Aim of the task:
Please return the listing exactly as written, but without its pictures.
Start of Data extract
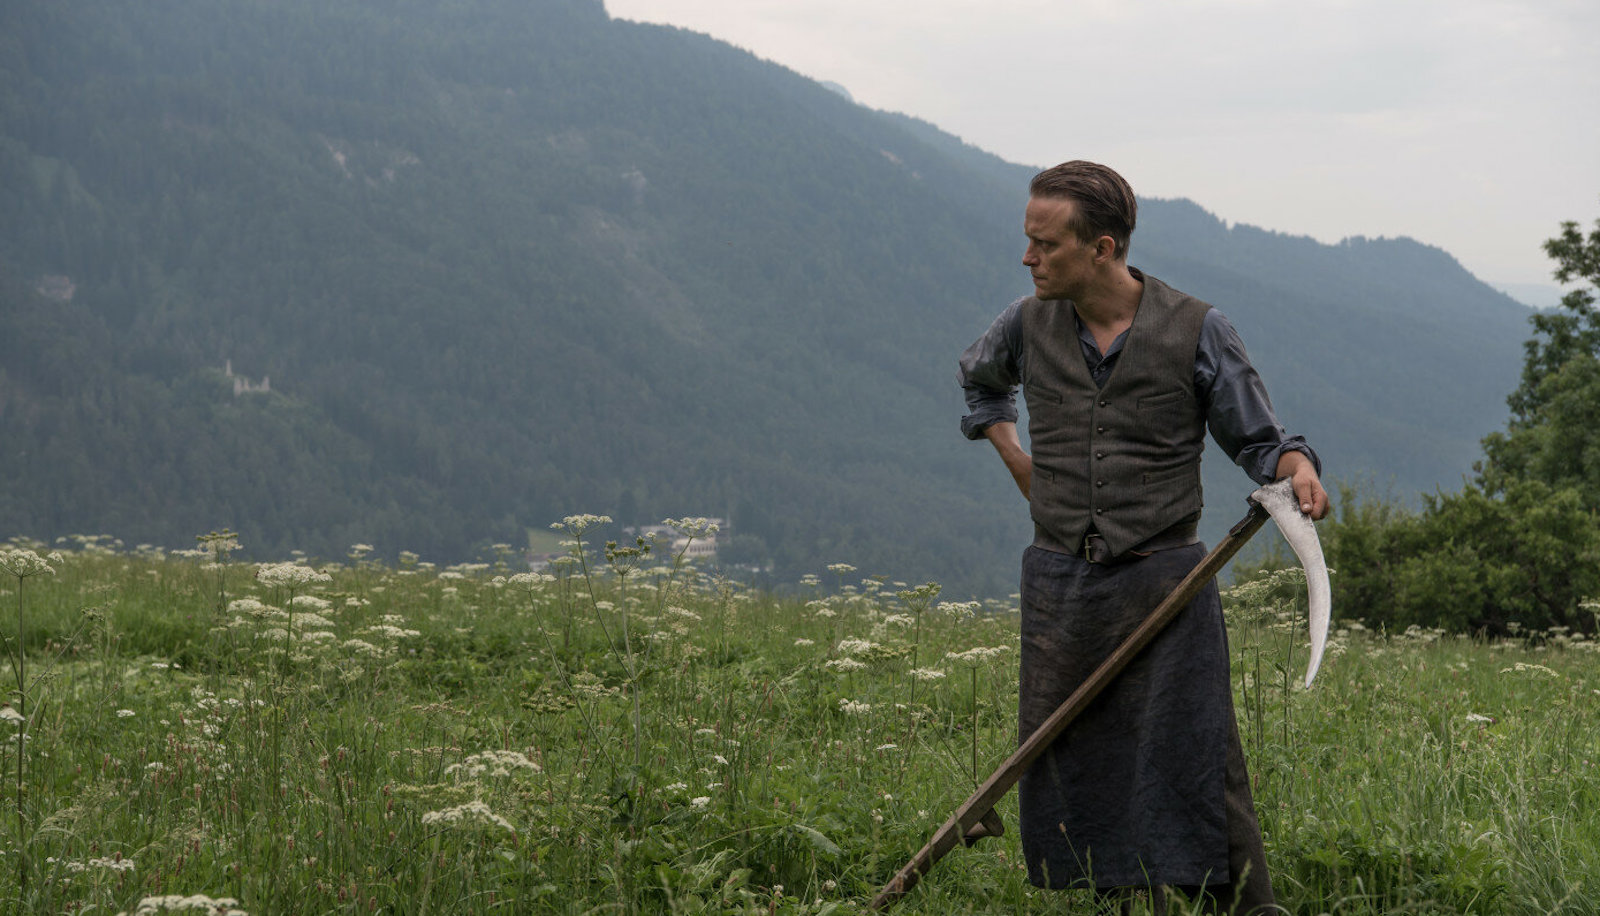 A man holds a scythe in a field of grass amidst mountains
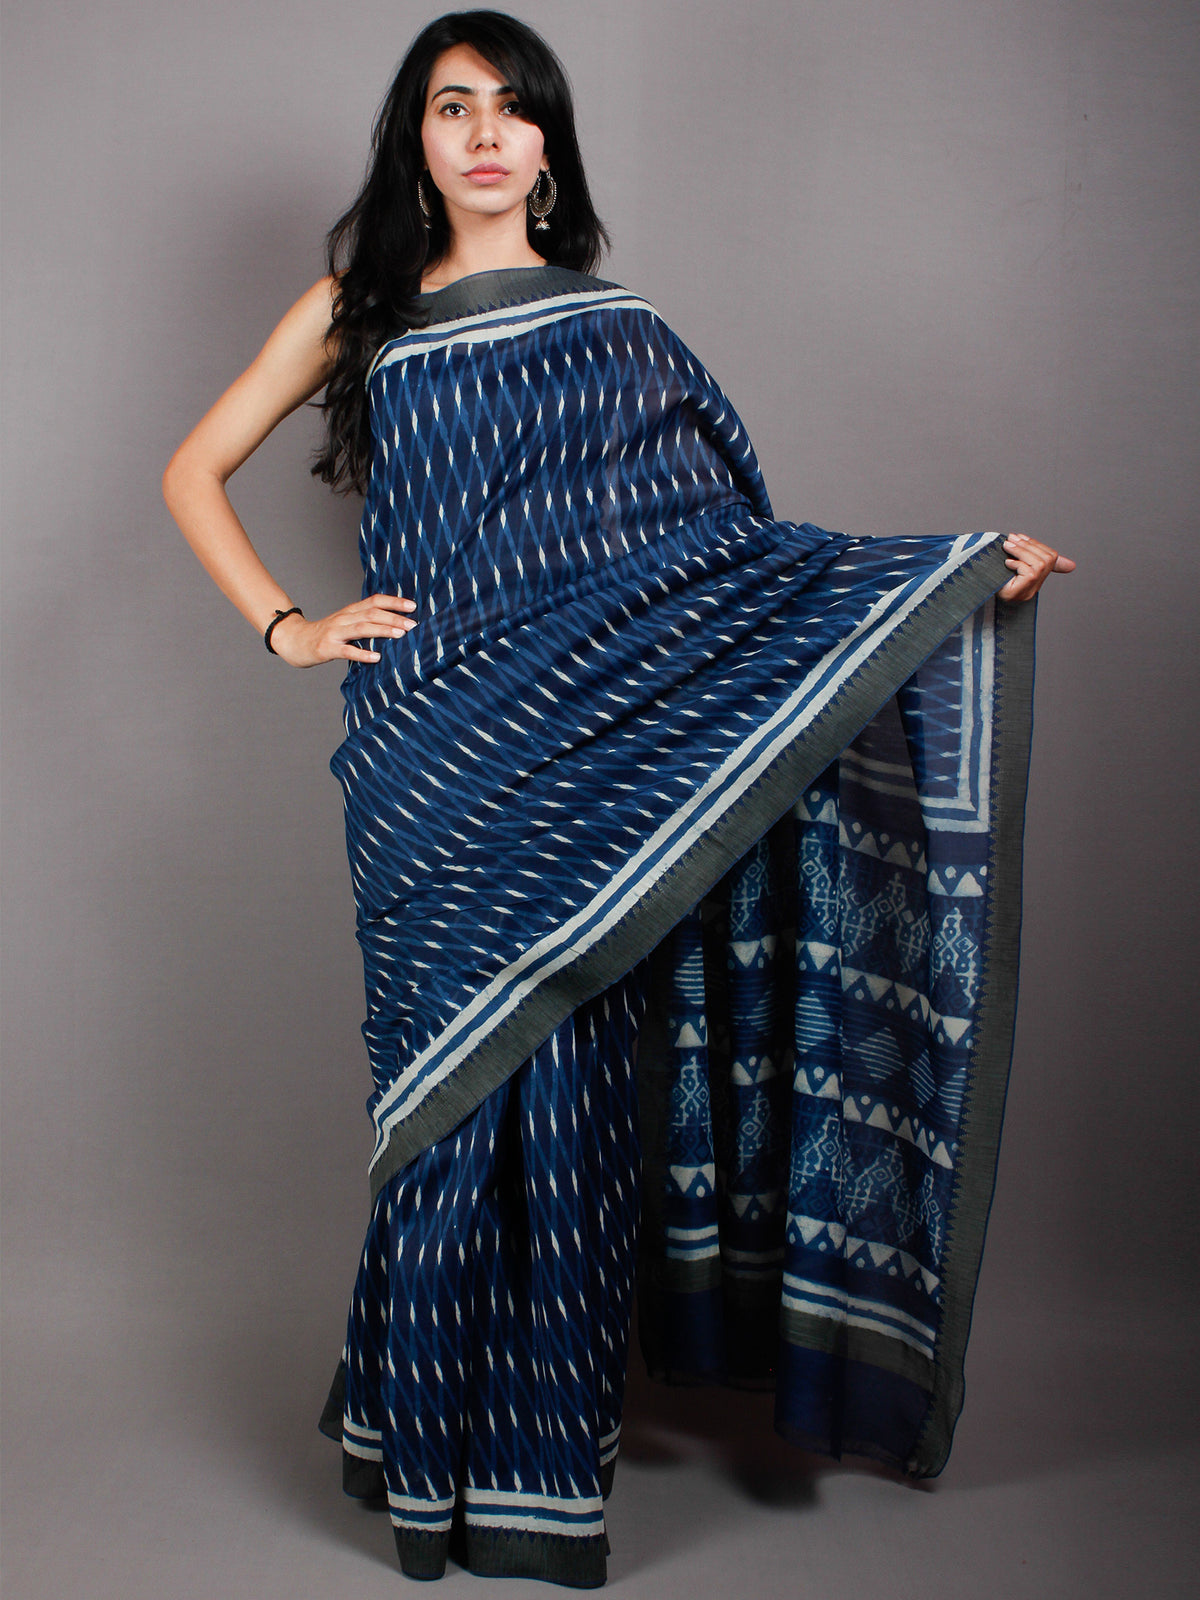 Indigo Ivory White Hand Block Printed in Natural Vegetable Colors Chanderi Saree With Geecha Border - S03170505
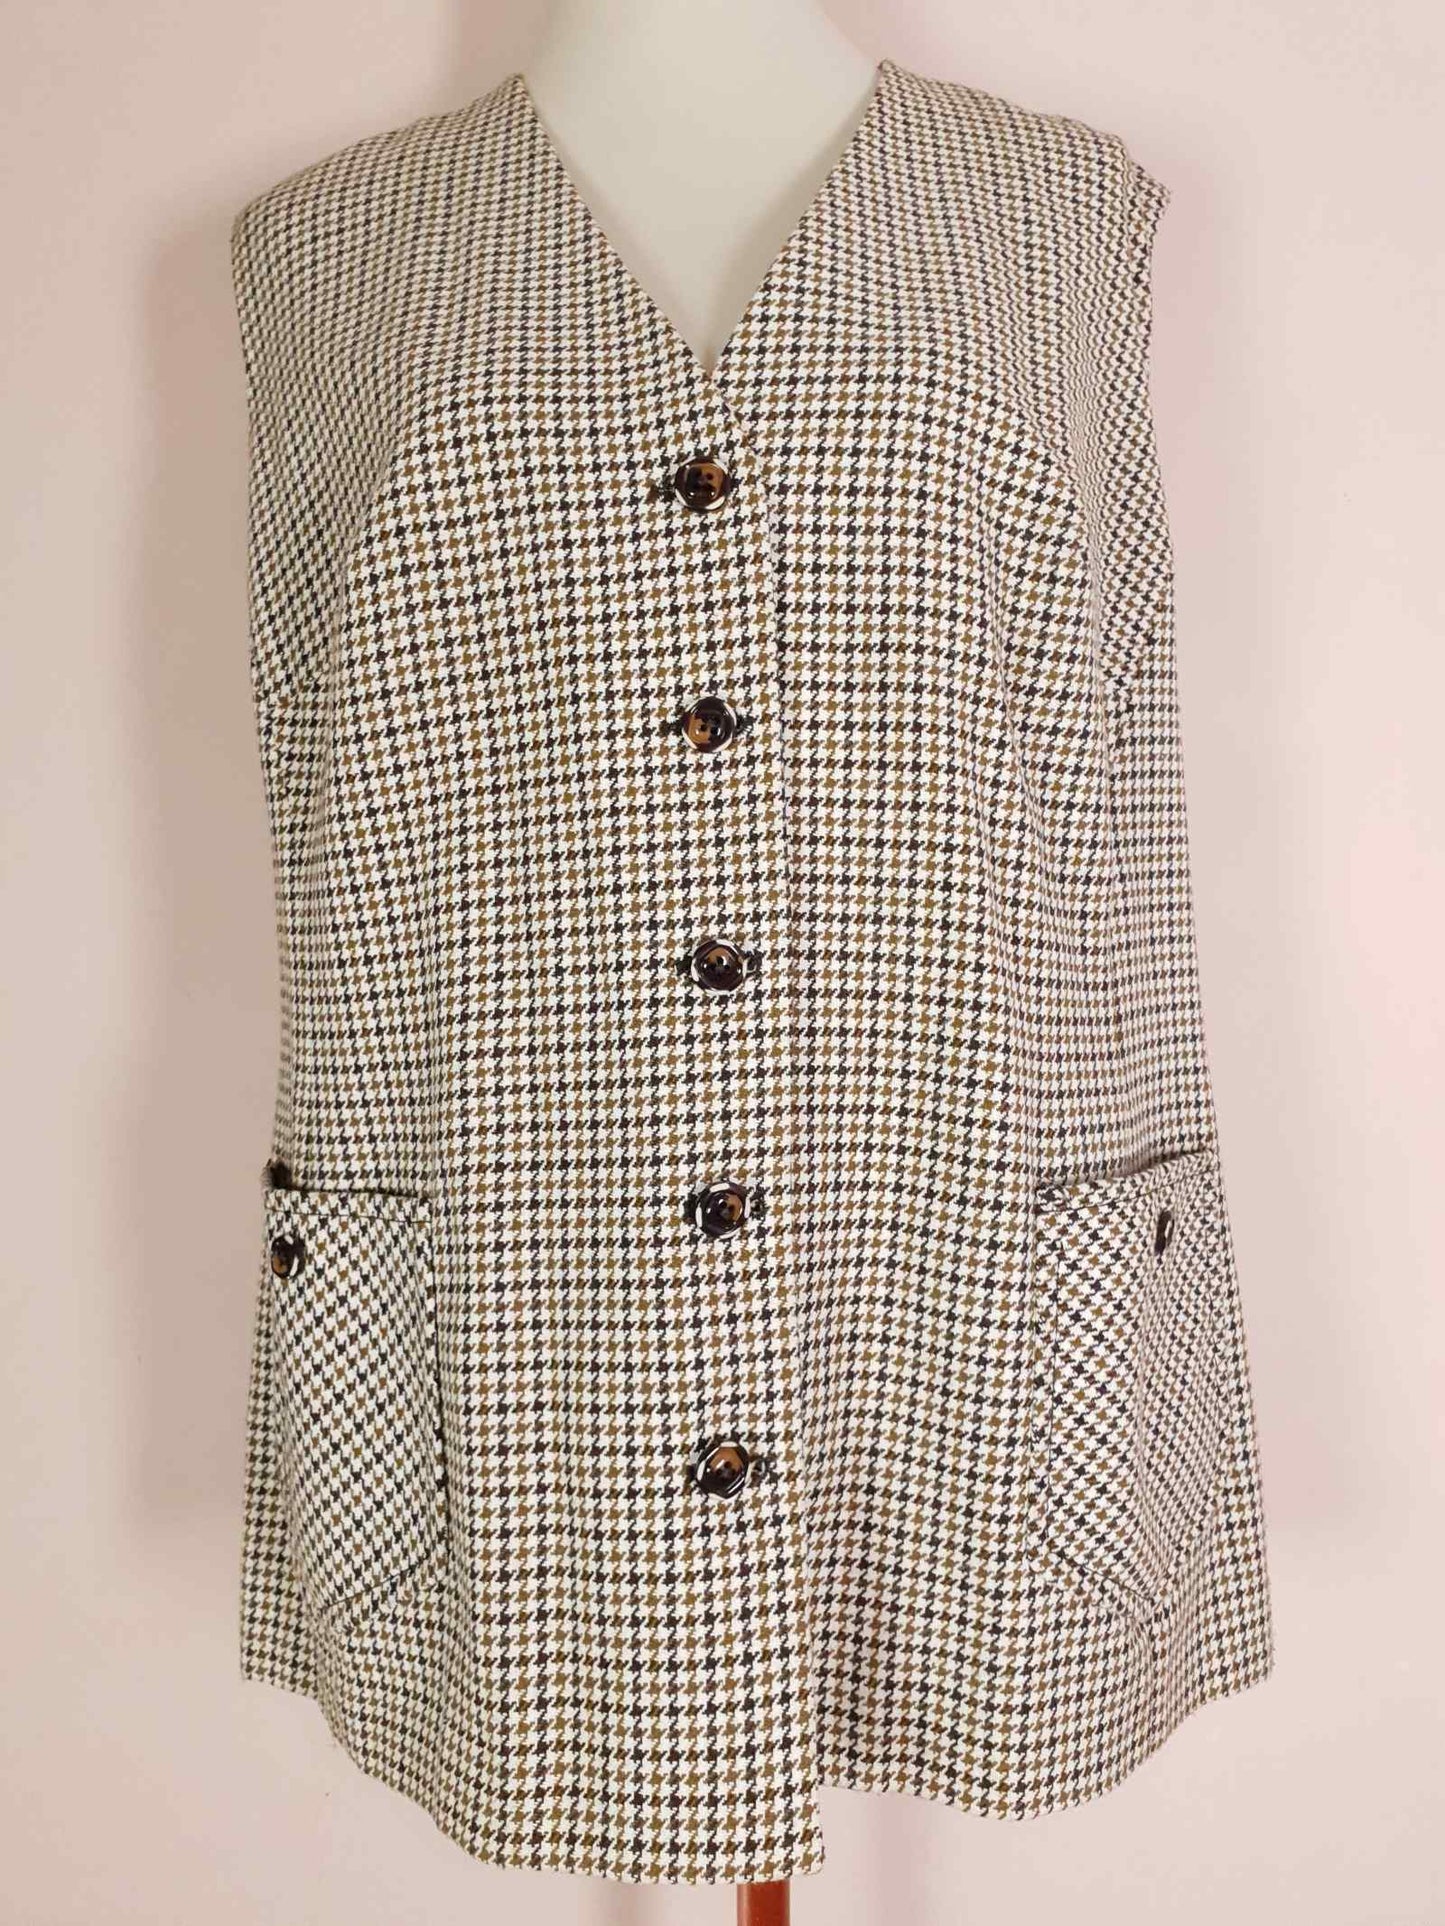 Vintage Wool Brown Houndstooth Waistcoat Check Vest Oversized 1980s - English Classics
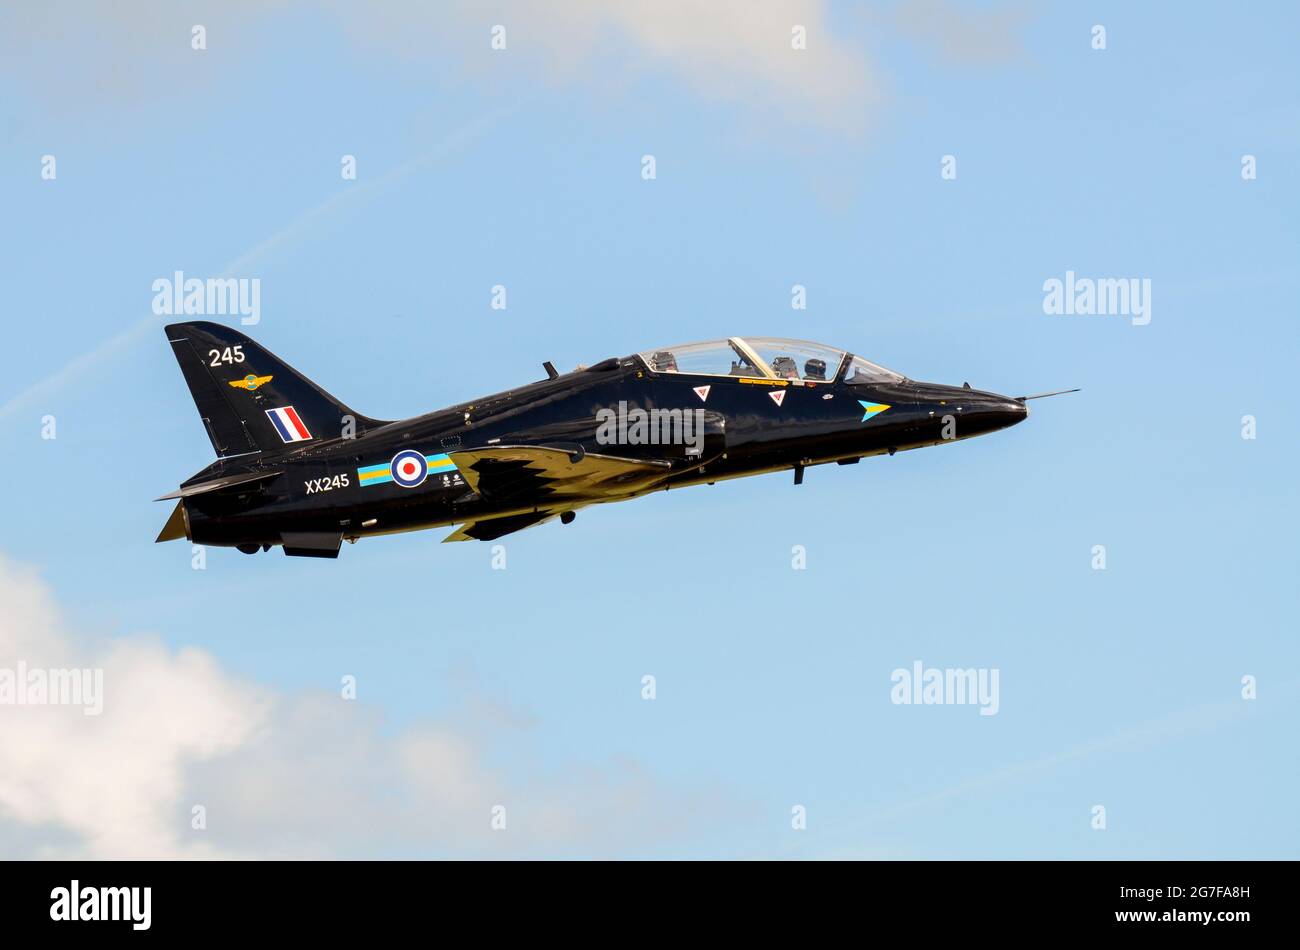 Royal Air Force British Aerospace Hawk T1 jet trainer plane climbing after take off. RAF 208 Squadron BAe Hawk T.1, part of 4 Flying Training School Stock Photo
End of Data extract
Completed exercise:
 A man holds a scythe in a field of grass amidst mountains
 Indigo Ivory White Hand Block Printed in Natural Vegetable Colors Chanderi Saree With Geecha Border - S03170505
 Vintage Wool Brown Houndstooth Waistcoat Check Vest Oversized 1980s - English Classics
 Royal Air Force British Aerospace Hawk T1 jet trainer plane climbing after take off. RAF 208 Squadron BAe Hawk T.1, part of 4 Flying Training School Stock Photo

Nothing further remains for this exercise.